De-duplication is the process of deleting duplicate rows from a database.
Duplicate rows is a problem that data analysts frequently deal with.
Before deleting duplicates you have to find them.
In this example, duplicates are identified using a CTE on the Order table.
WITH Cte(FirstName, LastName,
OrderDate, RowNumber) AS (
SELECT FirstName, LastName, OrderDate,
ROW_NUMBER() OVER (
PARTITION BY OrderDate, FirstName, LastName
ORDER BY OrderDate, FirstName, LastName) AS RowNumber
FROM [Order] O
JOIN Customer C ON C.Id = O.CustomerId
)
SELECT *
FROM Cte
WHERE RowNumber > 1
Note: These are not true duplicates, but it gets the point across. This query returns customers that placed more than one order on the same day.

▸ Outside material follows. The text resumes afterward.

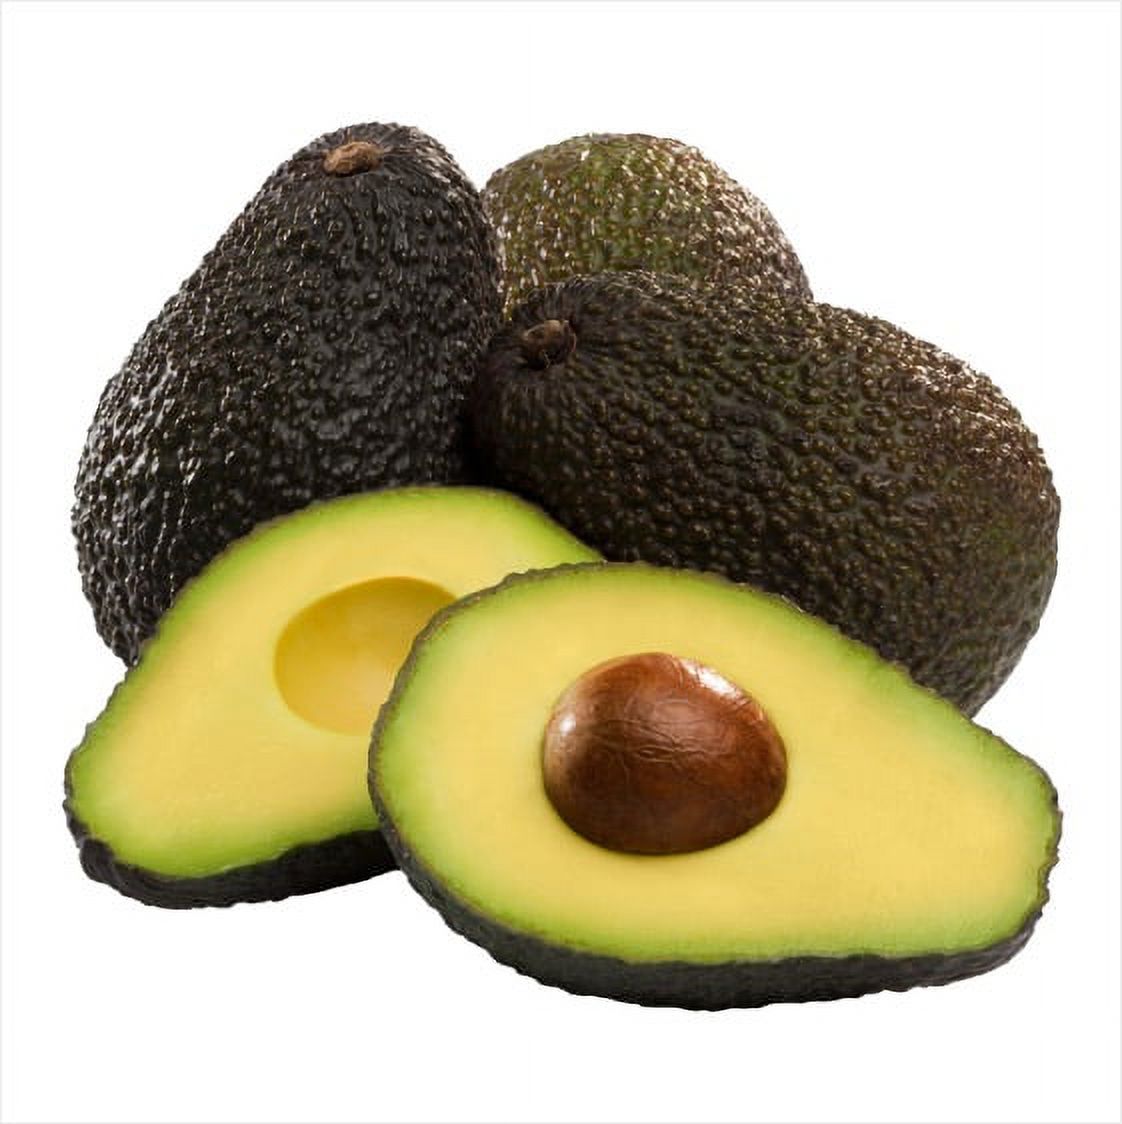 Fresh Small Hass Avocado Bag, 5-6 Count - image 2 of 6

| FirstName | LastName | OrderDate | RowNumber |
|---|---|---|---|
| Elizabeth | Lincoln | 2013-01-10 00:00:00.000 | 2 |
| Philip | Cramer | 2013-02-25 00:00:00.000 | 2 |
| Howard | Snyder | 2013-07-31 00:00:00.000 | 2 |
| Jose | Pavarotti | 2013-10-22 00:00:00.000 | 2 |
| Felipe | Izquierdo | 2014-01-19 00:00:00.000 | 2 |
| Daniel | Tonini | 2014-03-24 00:00:00.000 | 2 |
| Jose | Pavarotti | 2014-04-17 00:00:00.000 | 2 |
The ROW_NUMBER() function sequentially numbers rows that are grouped by FirstName, LastName, and OrderDate. Those with a RowNumber > 1 are duplicates of another row.
Next, the duplicate rows need deletion.
Changing SELECT to DELETE in the above query will accomplish this.
WITH Cte(Id, CustomerId, OrderDate, RowNumber) AS (
SELECT Id, CustomerId, OrderDate,
ROW_NUMBER() OVER (
PARTITION BY CustomerId, OrderDate
ORDER BY OrderDate, CustomerId) AS RowNumber
FROM [Order] O
)
DELETE
FROM Cte
WHERE RowNumber > 1
Note: This query always deletes the second row it finds which may, or may not, be desirable. A manual inspection step of the duplicates is often required.
SELECT A.Id AS OrderId, FirstName, LastName,
A.OrderNumber, A.OrderDate
FROM [Order] A
JOIN (
SELECT C.Id, FirstName, LastName, OrderDate,
COUNT(O.Id) AS Occurences
FROM [Order] O
JOIN Customer C ON C.Id = O.CustomerId
GROUP BY C.Id, OrderDate, FirstName, LastName
HAVING COUNT(O.Id) > 1) AS B
ON A.CustomerId = B.Id AND A.OrderDate = B.OrderDate
| OrderId | FirstName | LastName | OrderNumber | OrderDate |
|---|---|---|---|---|
| 163 | Elizabeth | Lincoln | 542540 | 2013-01-10 00:00:00.000 |
| 164 | Elizabeth | Lincoln | 542541 | 2013-01-10 00:00:00.000 |
| 209 | Philip | Cramer | 542586 | 2013-02-25 00:00:00.000 |
| 210 | Philip | Cramer | 542587 | 2013-02-25 00:00:00.000 |
| 369 | Howard | Snyder | 542746 | 2013-07-31 00:00:00.000 |
| 370 | Howard | Snyder | 542747 | 2013-07-31 00:00:00.000 |
| 466 | Jose | Pavarotti | 542843 | 2013-10-22 00:00:00.000 |
| 467 | Jose | Pavarotti | 542844 | 2013-10-22 00:00:00.000 |
| 591 | Felipe | Izquierdo | 542968 | 2014-01-19 00:00:00.000 |
| 592 | Felipe | Izquierdo | 542969 | 2014-01-19 00:00:00.000 |
| 725 | Daniel | Tonini | 543102 | 2014-03-24 00:00:00.000 |
| 726 | Daniel | Tonini | 543103 | 2014-03-24 00:00:00.000 |
| 783 | Jose | Pavarotti | 543160 | 2014-04-17 00:00:00.000 |
| 784 | Jose | Pavarotti | 543161 | 2014-04-17 00:00:00.000 |
Here we have a list with paired duplicates, one after the other.